Being Bad With Thrift

When is it good to buy bad?

While I believe in absolute luxury, we all have to come to terms with the obstacles of cost, time, and effort, and now environmental and ethical issues as well. Buying used is one of the best ways to overcome that.

I started buying used books purely for economic reasons. I loved to read, and dreamed of a library like the one in Beauty and the Beast. At 12-30$ each though, that could add up really quick. Used books could easily be bought for about 6$, and sometimes even as little as a few pennies. And the thrill of the hunt, when not simply scouring Amazon, was a lot of fun. I spent many sunny summer afternoons as a teenager locked away in one particular used bookstore downtown that had a whole wall of books on the paranormal. I treasure the books I bought there to this day, and they hold a lot of those memories for me. Old books can often fall into the category of affordable antiques, each one a little piece of history. I recently bought a bible from 1912 with all the names and addresses of the previous owners. One day I hope to read a book so old that the Ss look like Fs. That would be a real treat. It also helps that used books don’t signify that I haven’t read them yet, a testament to my terrible ADD. Plus new books are just so… crisp and modern. Blech.
It was only years later, when the Kindle came on the scene that I started paying more attention to the fact that all this paper consumption was a pretty destructive thing. Yet as much as I adore the Kindle, there’s just something to be said for shelves full of old books, a beautiful display of your little literary hopes and accomplishments (though after Mike gets one, I think I may just become a convert. The thing looks AWESOME). So what did I do? I kept buying used, of course. And now that I’m thinking more about the environmental consequences, AND saving for a house, I now make even more of a point of it. Even the newest publications can often be found used in as little as a few weeks. I’m having my cake and eating it too.
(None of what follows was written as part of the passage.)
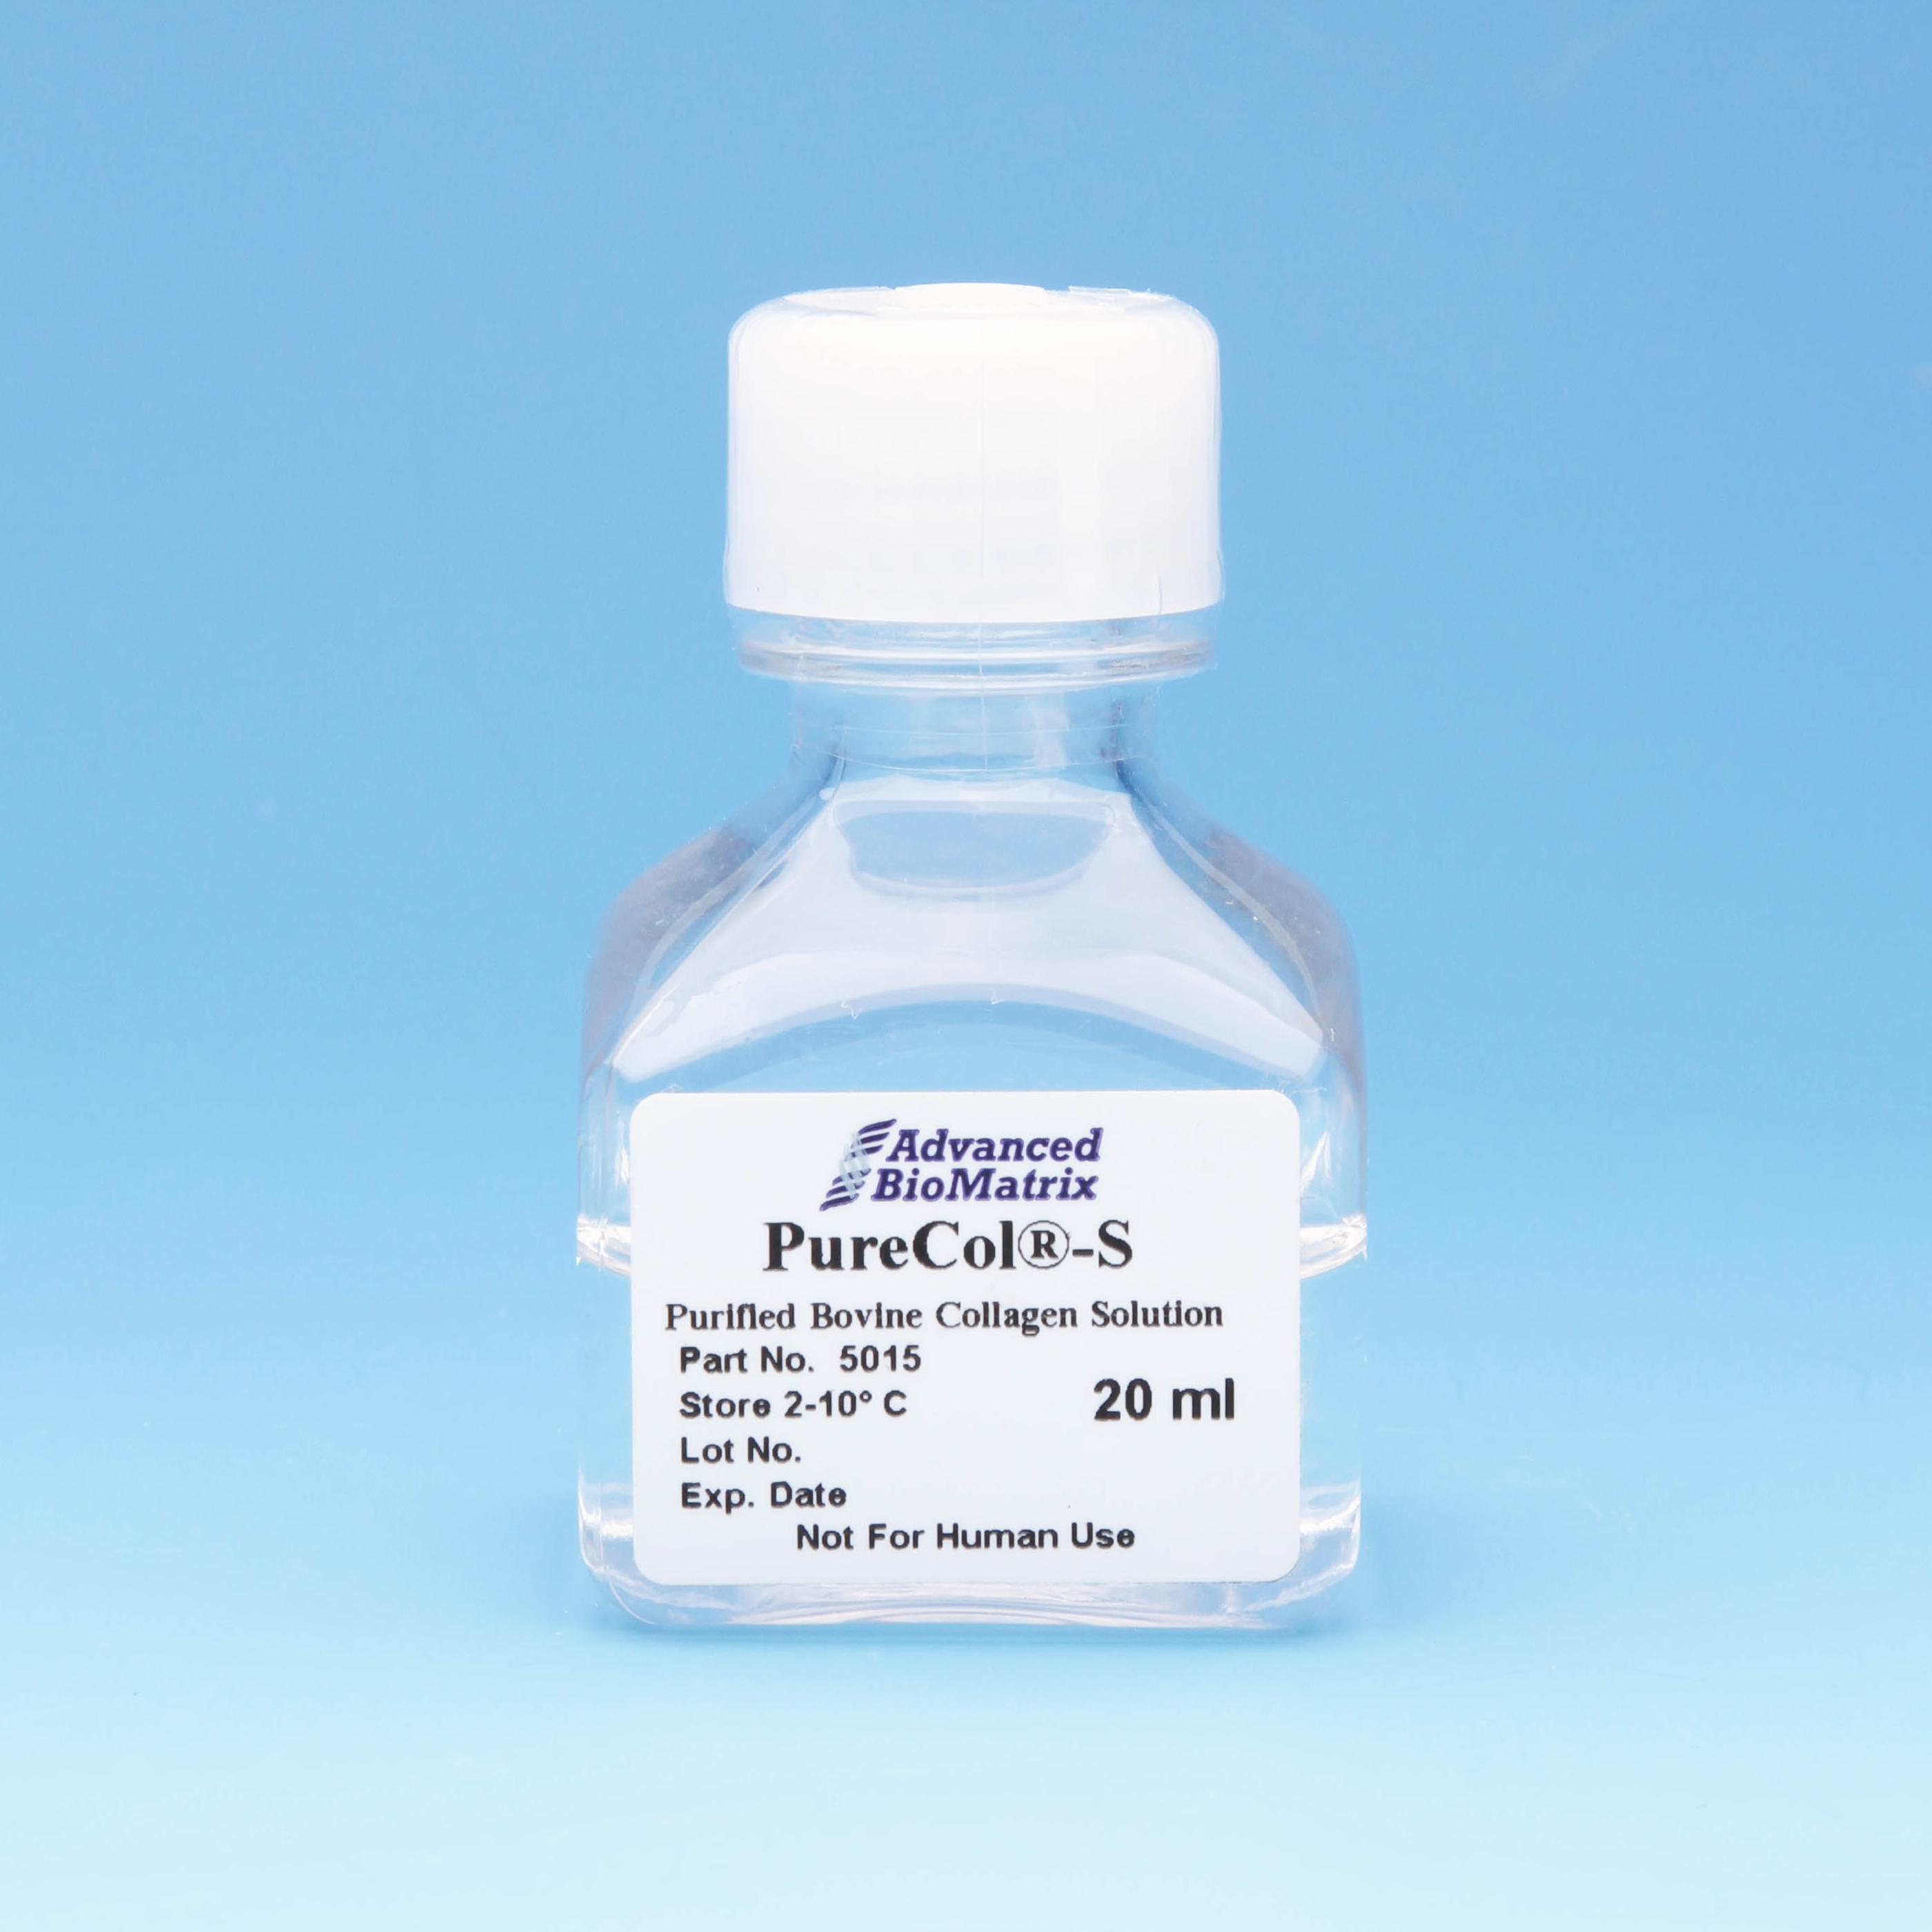 PureCol-S Collagen Standard 3 mg/ml from Advanced BioMatrix

A few years after that I started reading a vintage lifestyle forum. One of the more interesting threads was about women who, while they would NEVER buy real, new fur, had no qualms about buying and wearing vintage fur. While I can still see there being a moral dilemma here, it’s worth at least considering. You’re not supporting an industry that harms and promotes the harm of animals, you’re recycling, and you’re at least giving the poor thing a good home as opposed to unceremoniously tossing it in the trash. These are not people who disrespect animals. In fact they’re wearing the vintage fur because it’s already out there, so it may as well go to use for someone who really appreciates it. This is an ongoing debate, but it makes perfect sense to me, even while I find most fur to be somewhat hard to pull off without looking like a tacky Cruella Deville. I do consider that a fur hat and wrap in the winter could be extremely nice. Leather comes into play here as well.

So go ahead and indulge in the things you want. Just remember to be creative while doing it, and give a good home to those “bad” things that others may now be avoiding more than ever. Reducing, reusing, and recycling means more wonderful things for all of us to enjoy.